Yet another Google Glasses Ad - jakozaur
http://www.tomscott.com/glasses/

======
cromwellian
Somehow, everyone forgets this: <http://www.youtube.com/watch?v=Vx2L9g0reNo>
or this one caused by texting and driving:
<http://www.youtube.com/watch?v=oC85prQKFrU>

It's possible that Project Glass glasses could obscure your vision or distract
you, but somehow I don't think it's as bad as actually moving your entire
visual field into your groin. Also, the software could help mitigate this
issue by a) detecting when your speed (via GPS) is high and disabling any
dialogs that overlay the center or b) just keeping most of the overlay up in
your peripheral vision.

It is also unlikely these things will always be recording everything due to
battery life alone. Best case, they sleep until woken up by notification,
alarm, geo-fence, or some other sensor. But recording video non-stop?

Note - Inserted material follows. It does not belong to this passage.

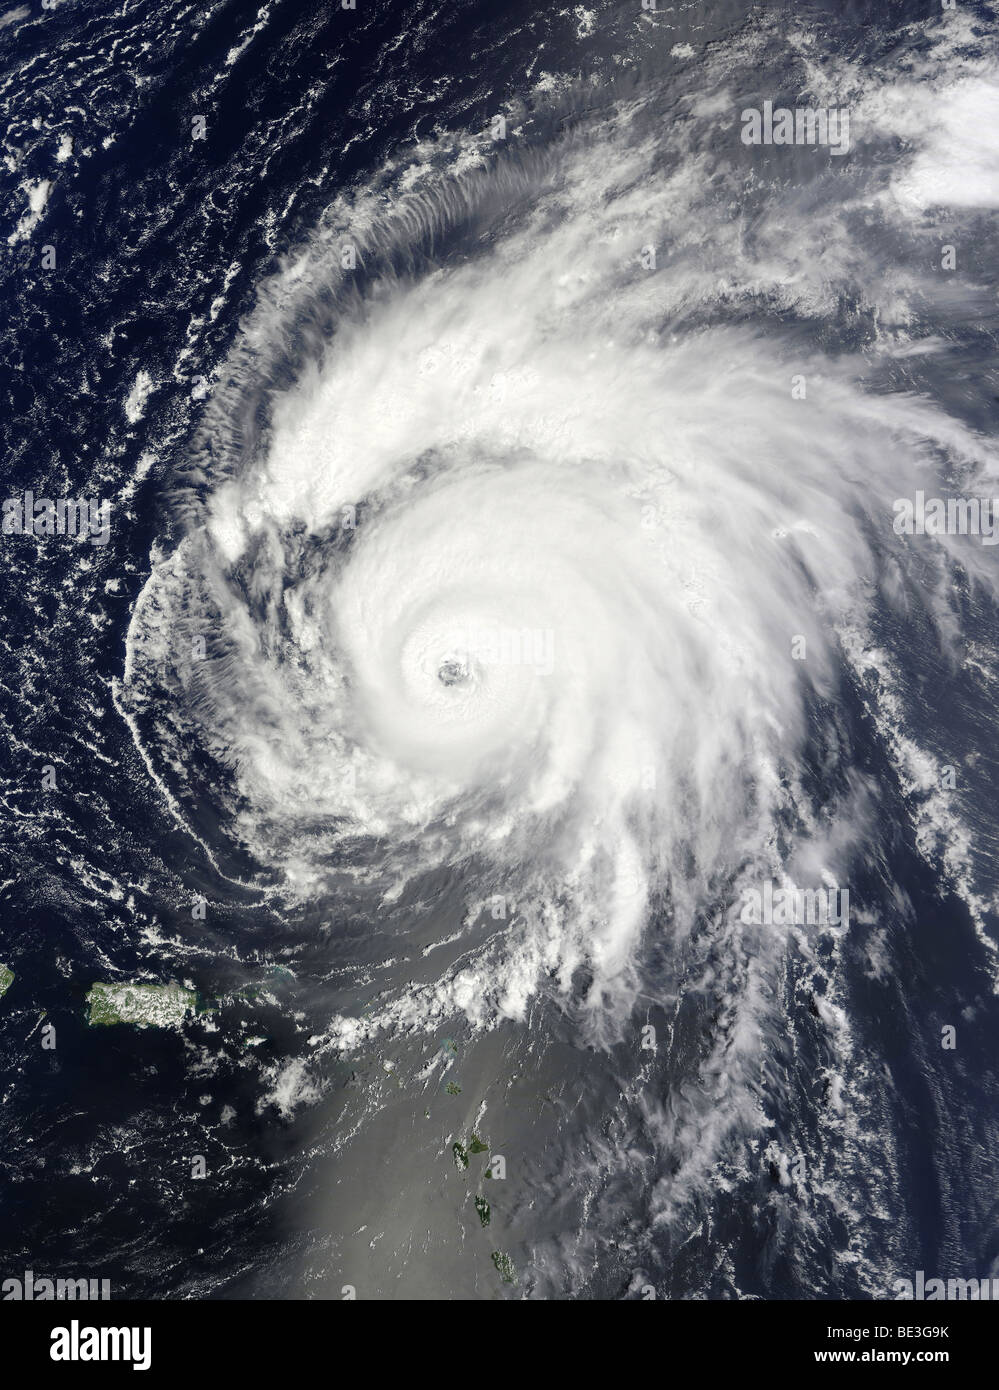 20. August 2009 - Hurrikan Bill nordöstlich von Puerto Rico und nördlich von der kleinen Antillen, atlantische Ozean. Stockfoto

Maybe
you'll get 1 hour of battery.

Most of the concerns I'm sure are being considered, as well as issues people
haven't even raised, like long term biological effects. Google is not run by
idiots.

------
nextparadigms
Funny, but that's not how Google Glasses will work. The display doesn't seem
to block your view at all.You just change your view to one angle for a moment,
and then you can change it back in a fraction of a second, much like you would
look into your car's mirror, and then back to the road in front of you.

That's actually a very smart implementation and solution, instead of putting a
HUD interface over an entire lens, like we all thought these sort of glasses
would work.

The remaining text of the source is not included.